Aleppo is also Syria’s manufacturing hub, and according to the head of the Aleppo Chamber of Industry, Fares Shihabi, by mid-August all the plants located in the industrial area of Sheikh Najjar, a large complex located outside the city’s boundaries, had stopped production because of the rising insecurity. Factories could not be protected and employees feared going to their workplace, while the supply of inputs and the distribution of finished products became almost impossible — that equals more than 600 factories and 40,000 workers in the industrial city that are estimated to be out of work. Should the violence last it is likely that shortages of all kinds of products will occur across the country. Already, medical supplies are threatened and the World Health Organization has warned of drugs shortages — with some 20 companies producing a wide range of medicines, Aleppo is a major center for pharmaceutical production in Syria.

Until the recent rise in violence, Aleppo had managed to escape some of the worst economic consequences of the uprising. Its manufacturers, in particular, benefitted from a number of favorable circumstances. The suspension of the free trade area with Turkey, which was decided after Syria’s northern neighbor imposed sanctions last December, and the increase in customs tariffs decided by the government earlier this year, helped reduce competition in the local market. Likewise, depreciation of the Syrian pound, which has lost some 50 percent of its value compared to the United States dollar in the last year and a half, temporarily spurred increased exports to neighboring Iraq.

Though it has fallen well behind Damascus in terms of overall wealth, Aleppo had long been Syria’s economic capital. Its gradual decline began in the early 1920s when the demarcation of the country’s borders cut its links with its Turkish hinterland, followed by the nationalizations of the late 1950s and early 1960s that stripped the Syrian bourgeoisie, then mainly based in Aleppo, of its land and other assets.

However, it was only in the early 1970s that the balance tipped clearly in favor of Damascus with the increasing centralization of the Syrian state and the growing state capitalism imposed by then President Hafez al-Assad. From then on, the closer investors were to the center of power in Damascus, the luckier they were in winning large government contracts, which represented a large source of revenues and profits for both them and the middlemen/bureaucrats that helped them conclude the deals.

It is therefore no surprise that in the late 1970s, when protests demanding more political freedoms and democratic change began across the country, Aleppo rose — only to see its protest movement and that of neighboring Hama ferociously crushed by the government — while Damascus watched. Only when two decades later Bashar al-Assad reached power and began a policy of economic and trade liberalization, did the city regain some of its lost wealth. The improvement of ties with neighboring Turkey, in particular, helped boost trade, tourism and investment. After decades of marginalization, Aleppo saw its businesses thrive again and sought stability, calm and order. This was not, however, to last, and the city, as most other parts of the country, is now engulfed in an uprising that is unlikely to end anytime soon.

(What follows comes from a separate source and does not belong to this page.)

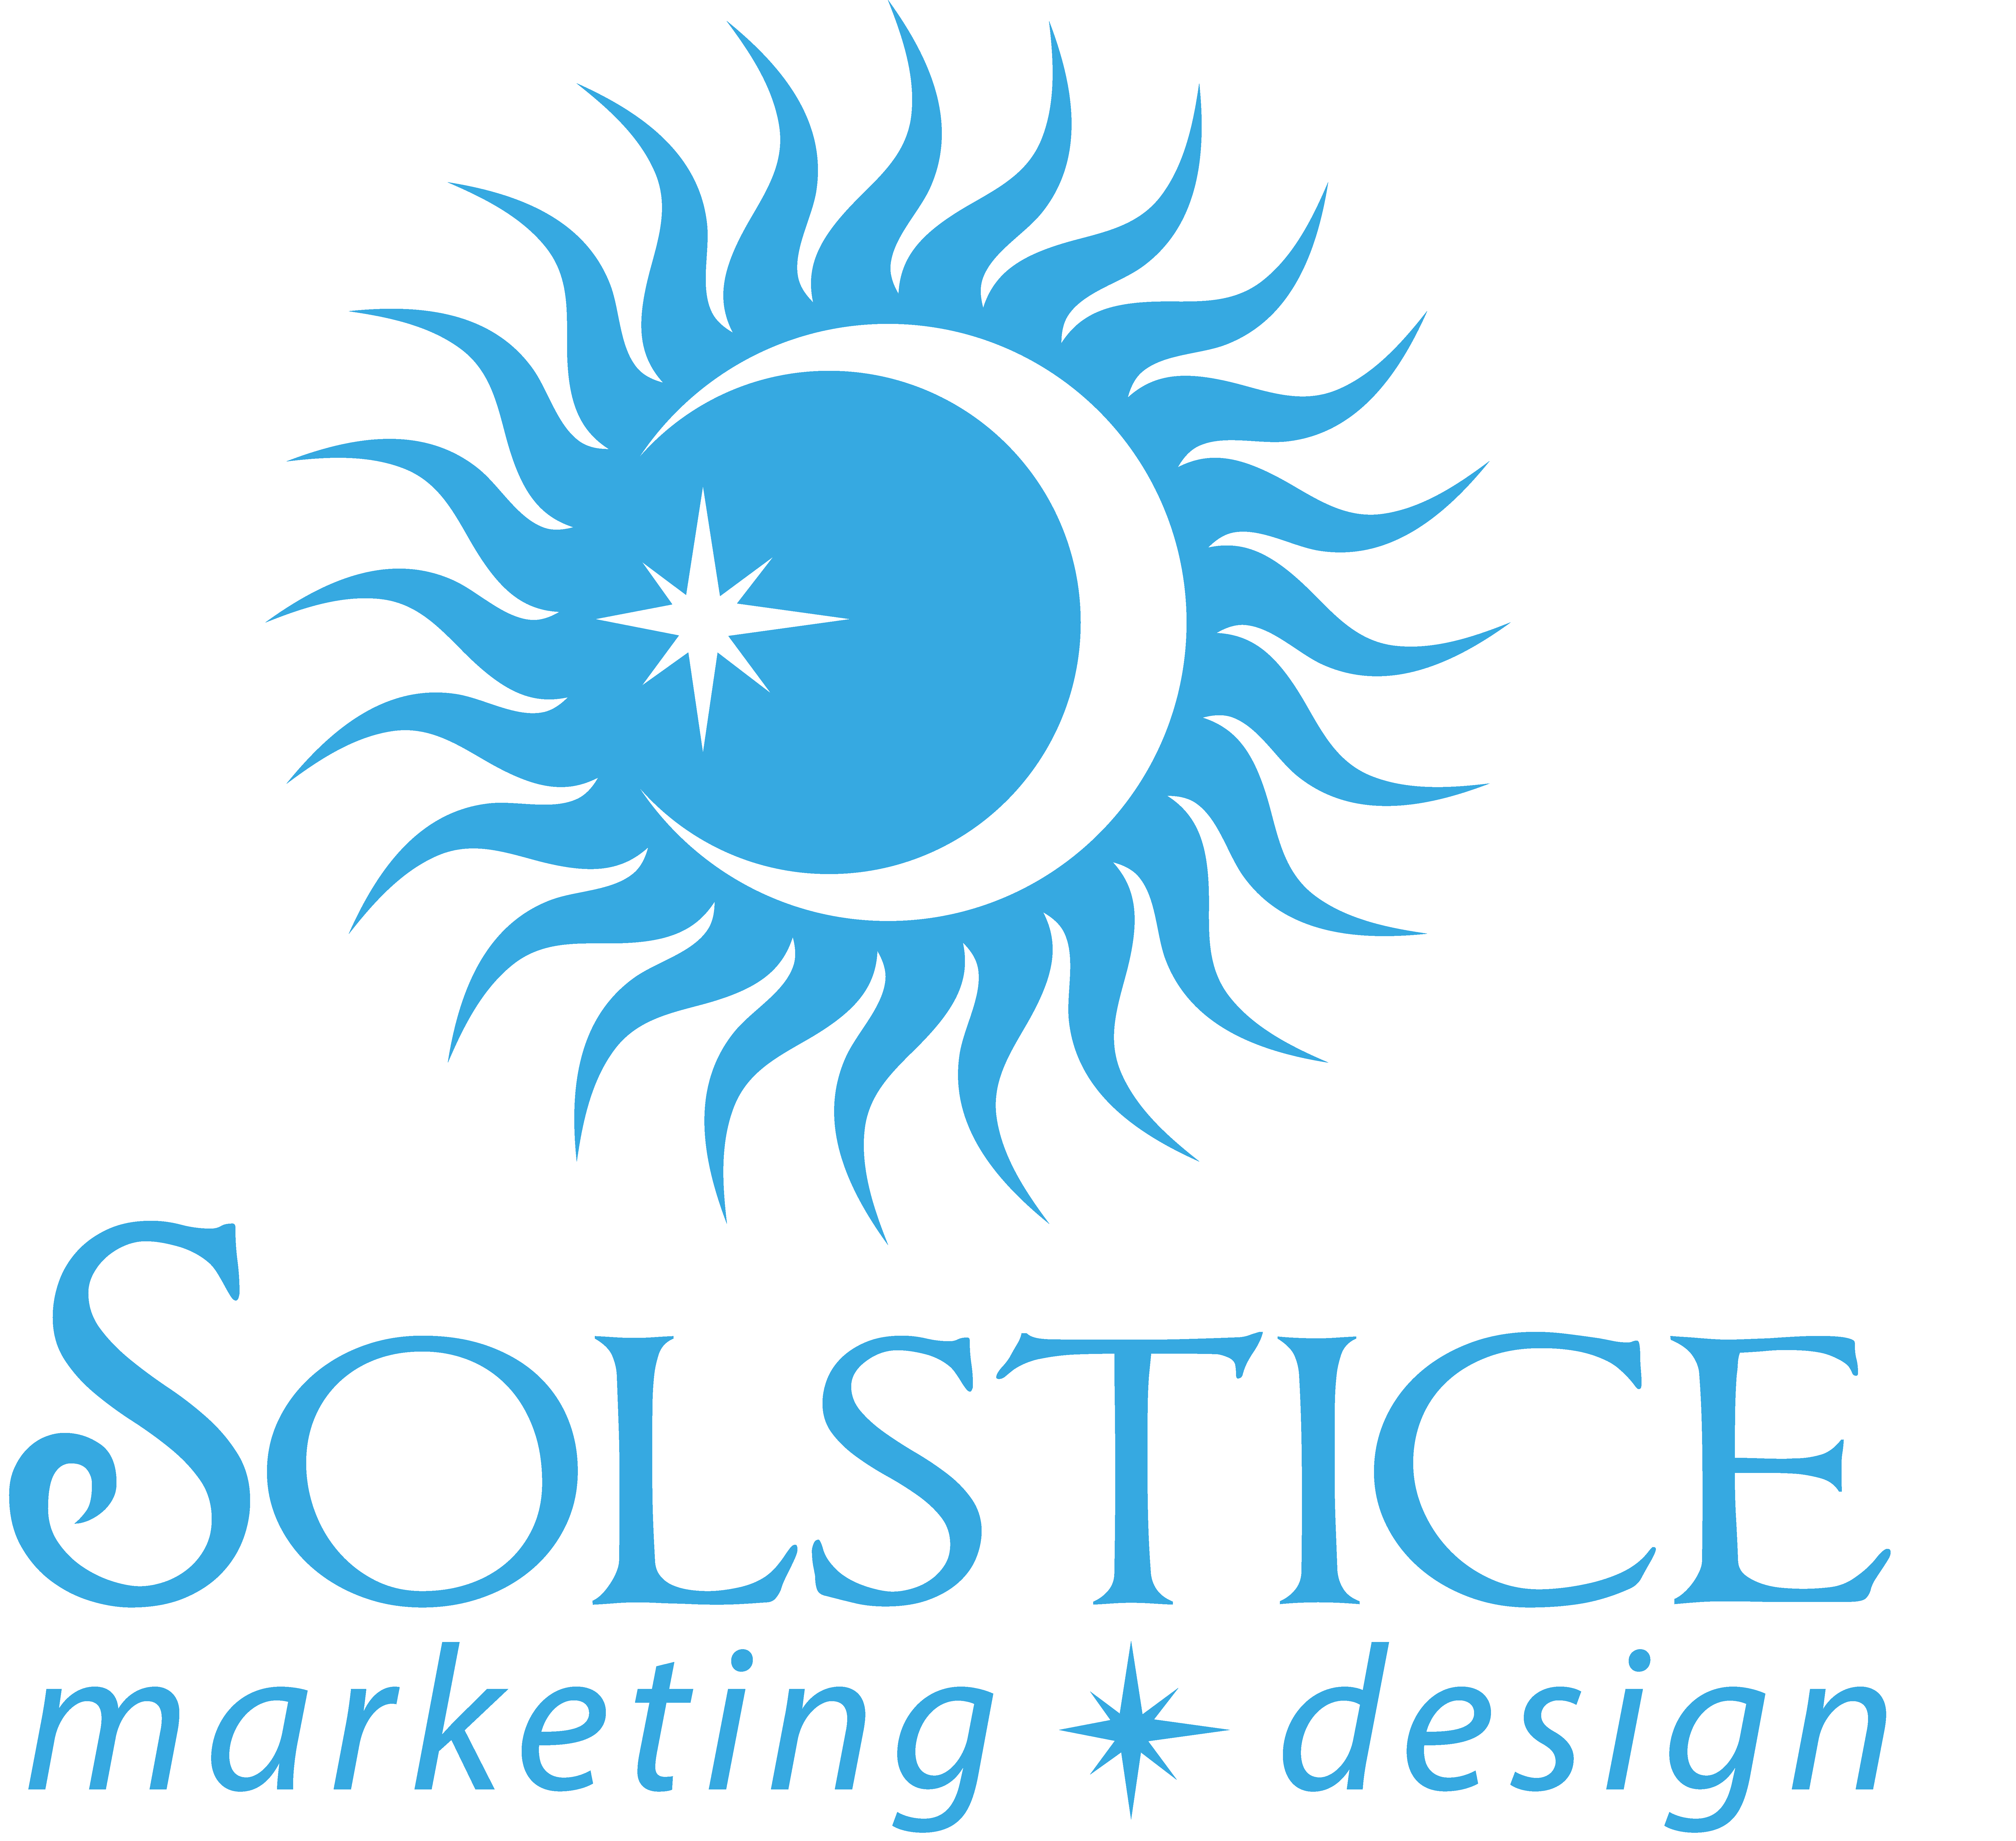 Solstice Marketing Design

The profound economic, social and political changes likely to emerge from the revolution will force a redefinition of the country’s economic model and the role of the state, of the links between the center and the periphery and of the balance between trade and production. Whether Aleppo will lose again from these changes, as it has with most other dramatic turns of the last century, or whether it will adapt successfully to the situation as it evolves, remains to be seen.